Tonight we begin the Triduum. Tonight we gather to in remembrance of Christ. Tonight we celebrate the institution of the Paschal Meal and join in the Supper of the Lamb. This meal is what the Church has called the “the source and summit of the Christian life” (c.f. Lumen Gentium, 11), so it is important to reflect on what it means.

Our readings today help root the meal in its context within the Hebrew Bible, the Passover meal. In this meal the Israelite’s gathered together to eat, to watch and to pray as they prepared for God to deliver them from slavery. The blood of the lamb marked their homes and saved their children from death. In Ex 12:4, God commands that the meal to be offered with generosity. The poor must be invited in. A man’s neighbor becomes his responsibility.

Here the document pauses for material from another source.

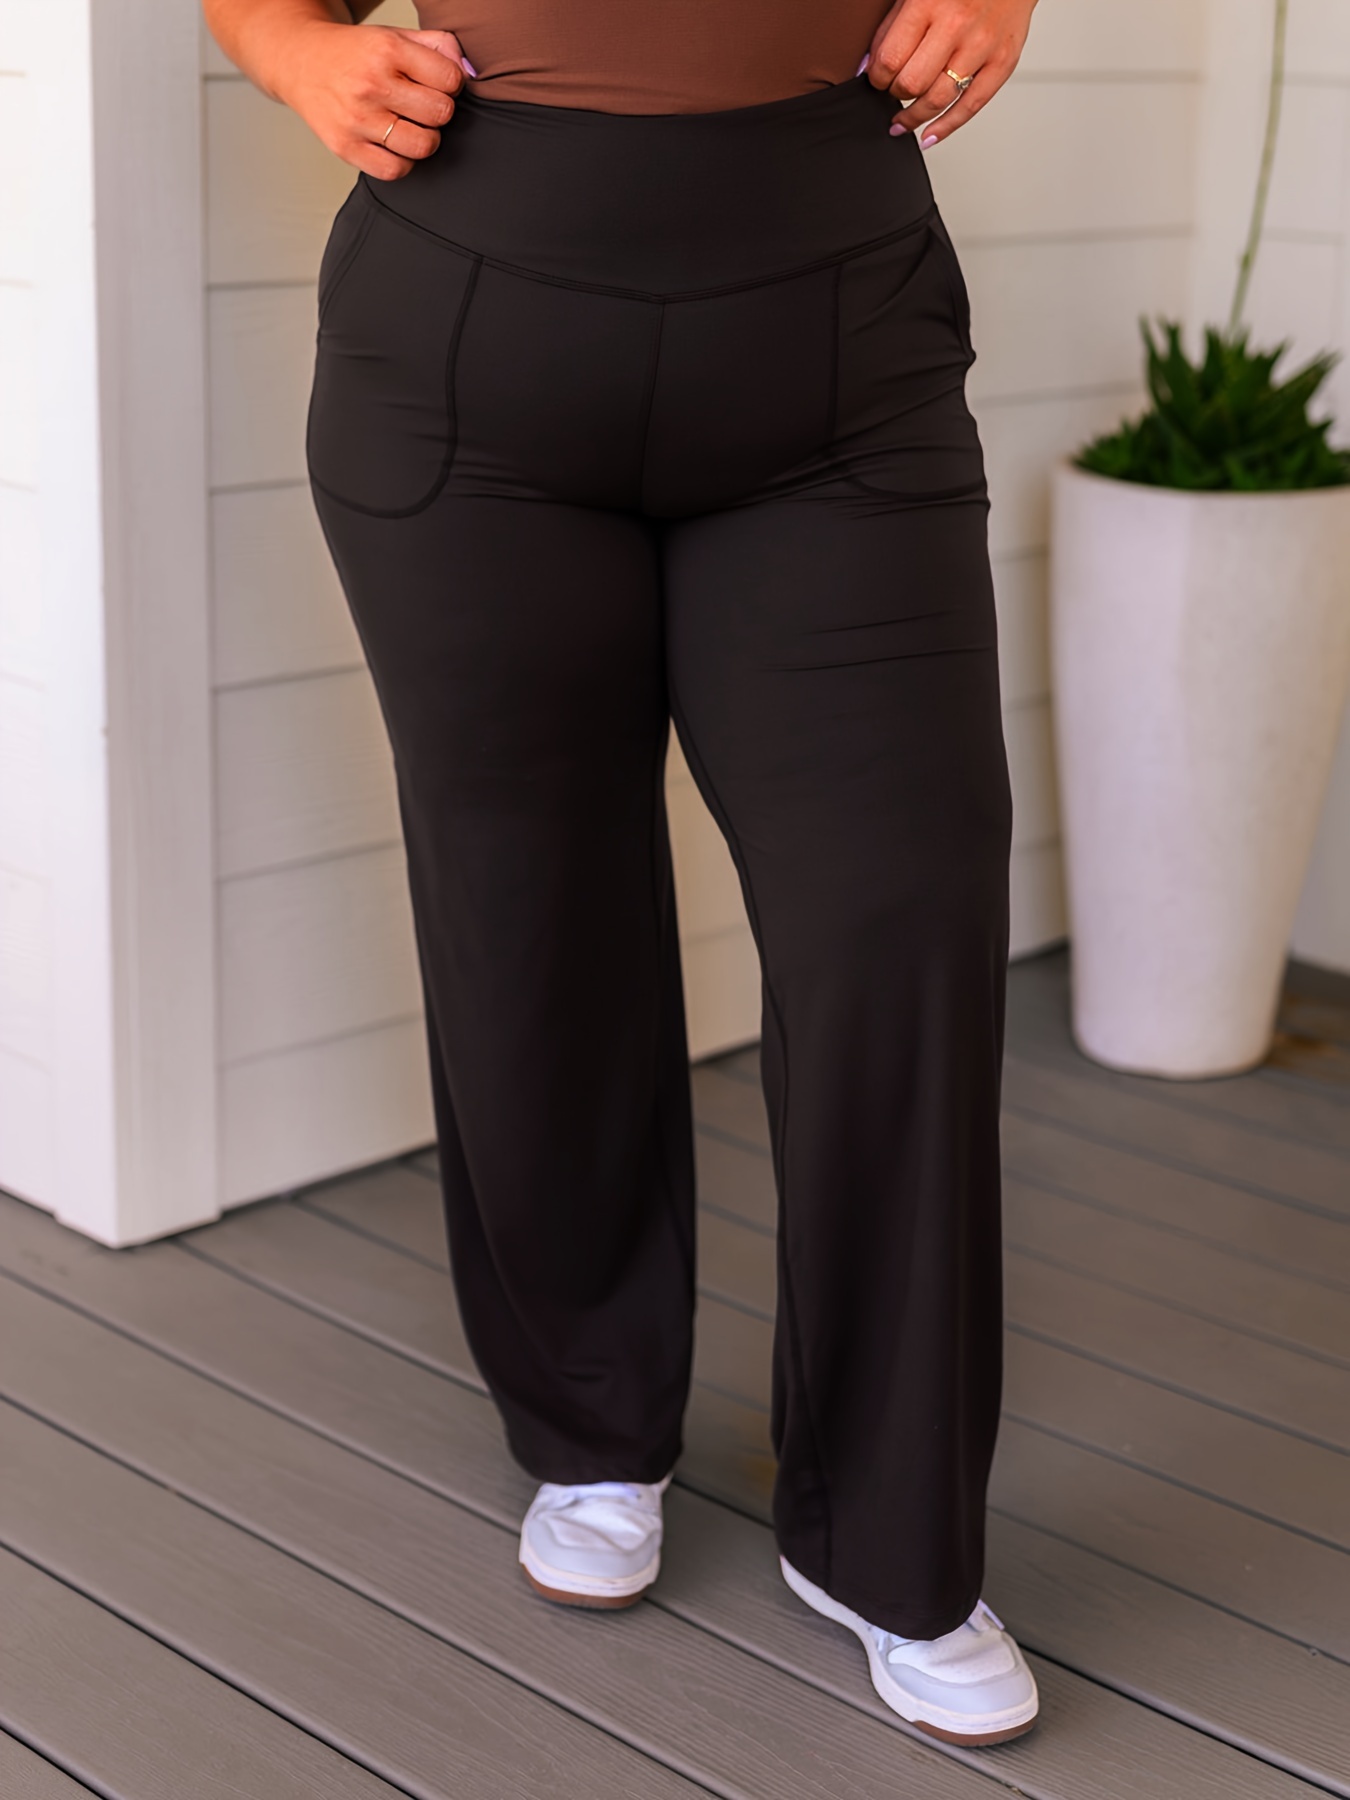 HSMQHJWE Pixie Pants Womens Plus Size Pants Casual Ladies Solid

The one with more was called to invite in the one who had less.

This reminds us today that to eat at the supper of the lamb is to come with open hands. Ready to give and ready to receive. Tonight Christ bends down to wash our feet and invites us to imitate his posture.

 

Billy Kangas is the author of How the First Christians Changed Dying. He blogs at Patheos, Bread for the World, Theologues and Millennial, and can be heard on the Round Table Podcast. He is a theologian, hunger activist and is working on a PhD in Liturgy and Sacramental theology at The Catholic University of America. He currently lives in Ann Arbor, Michigan with his wife and two sons. When he’s not talking about theology, he also lectures and writes about the coffee industry.

Franciscan Mission Service often invites guest writers to contribute to the blog. Contributors often include board members, formation leaders, Secular Franciscans, Franciscan friars and sisters, and other friends of the organization. If you would be interested in contributing, please contact info@franciscanmissionservice.org.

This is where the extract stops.